CUSTOMER: “There isn’t any cursor. I told you, it won’t accept anything I type.”

SERVICE: “Does your monitor have a power indicator?”

CUSTOMER: “What’s a monitor?”

SERVICE: “It’s the thing with the screen on it that looks like a T.V. Does it have a little light that tells you when it is on?”

CUSTOMER: “I don’t know.”

SERVICE: “Well, then look on the back of the monitor and find where the power cord goes into it. Can you see that?”

CUSTOMER: “Yes, I think so.”

SERVICE: “Great.

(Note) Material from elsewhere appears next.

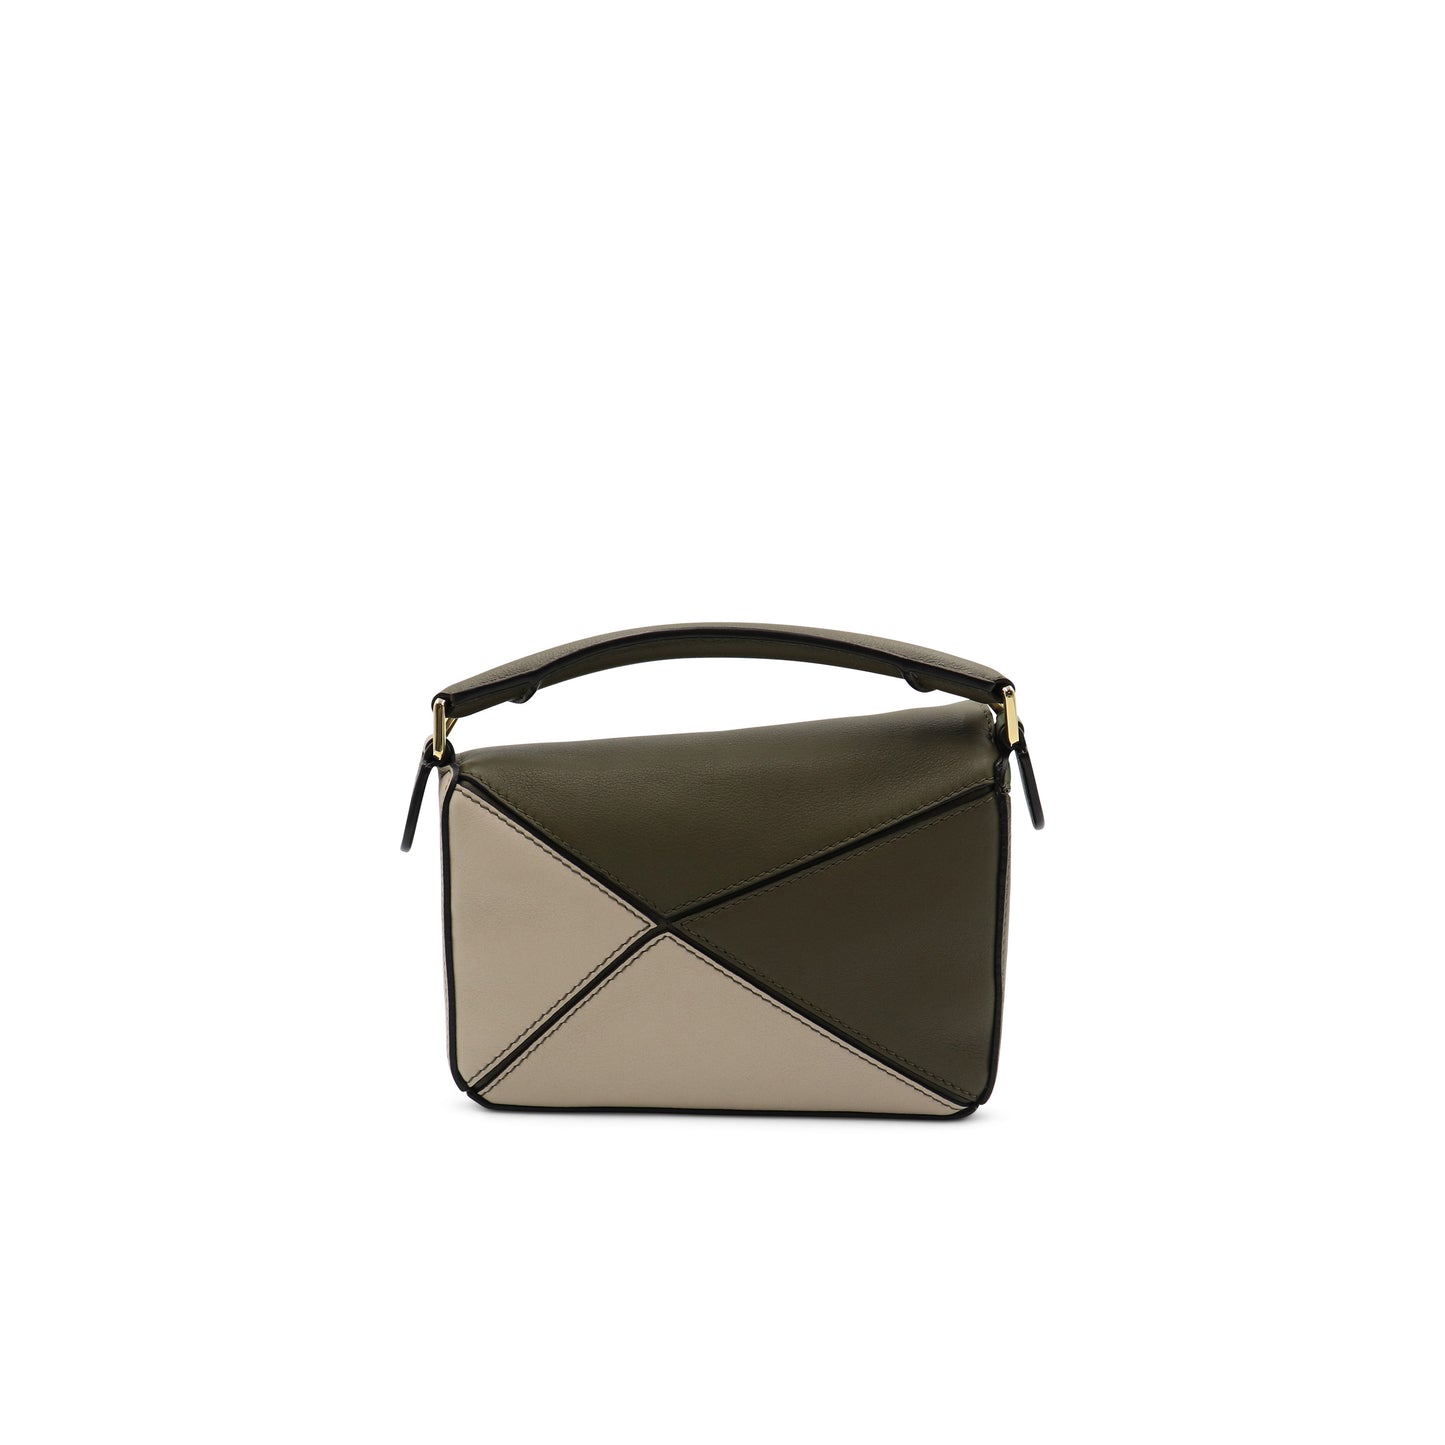 Mini Puzzle Bag in Classic Calfskin in Green/Light Oat
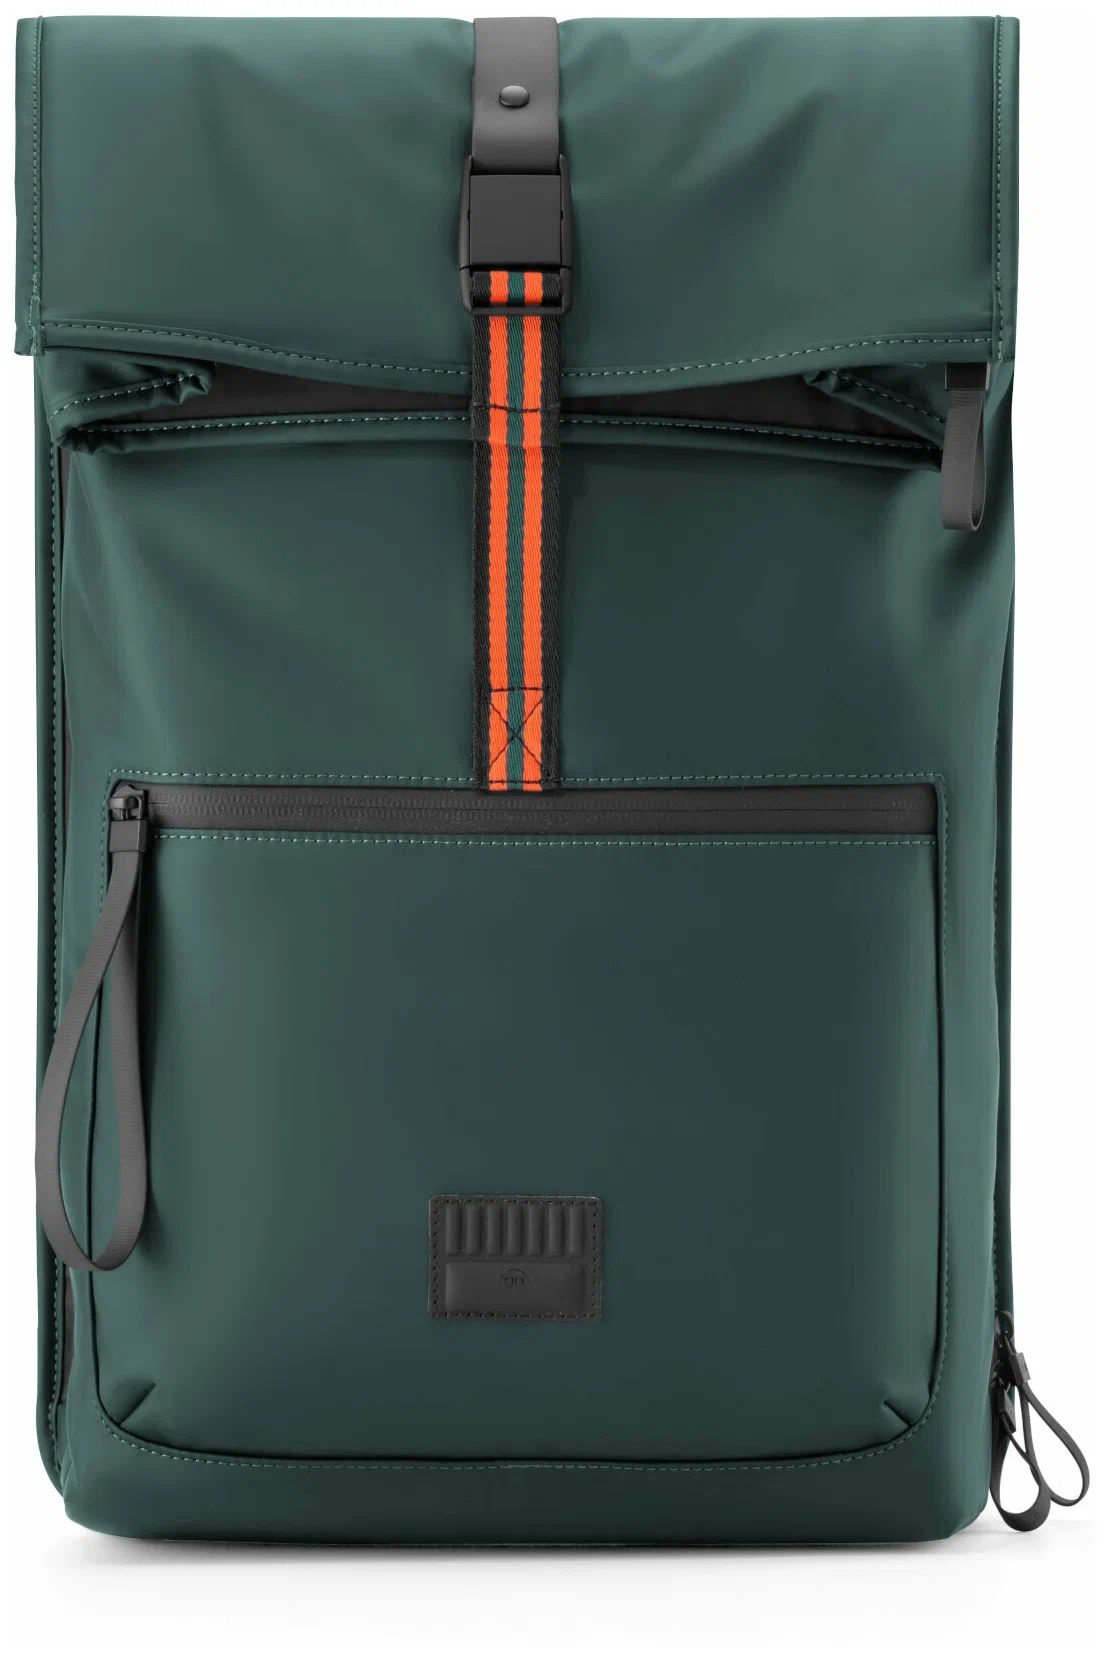 Рюкзак NINETYGO Urban daily plus backpack зеленый

Follow the cord to the plug, and tell me if it’s plugged into the wall.”

CUSTOMER: “Yes, it is.”

SERVICE: “When you were behind the monitor, did you notice that there were two cables plugged into the back of it, not just one?”

CUSTOMER: “No.”

SERVICE: “Well, there are. I need you to look back there again and find the other cable.”

CUSTOMER: “Okay, here it is.”

SERVICE: “Follow it for me, and tell me if it’s plugged securely into the back of your computer.”

CUSTOMER: “I can’t reach.”

SERVICE: “Uh huh. Well, can you see if it is?”

CUSTOMER: “No.”

SERVICE: “Even if you maybe put your knee on something and lean way over?”

CUSTOMER: “Oh, it’s not because I don’t have the right angle – it’s because it’s dark.”

SERVICE: “Dark?”

CUSTOMER: “Yes, the office light is off, and the only light I have is coming in from the window.”

SERVICE: “Well, turn on the office light then.”

CUSTOMER: “I can’t.”

SERVICE: “No? Why not?”

CUSTOMER: “Because there’s a power failure.”

SERVICE: “A power… A power failure? Aha, Okay, we’ve got it licked now. Do you still have the boxes and manuals and packing stuff your computer came in?”

CUSTOMER: “Well, yes. I keep them in the closet.”

SERVICE: “Good. Go get them, and unplug your system and pack it up just like it was when you got it. Then take it back to the store you bought it from.”

CUSTOMER: “Really? Is it that bad?”

SERVICE: “Yes, I’m afraid it is.”

CUSTOMER: “Well, all right then, I suppose. What do I tell them?”

SERVICE: “Tell them you’re too fucking stupid to own a computer.”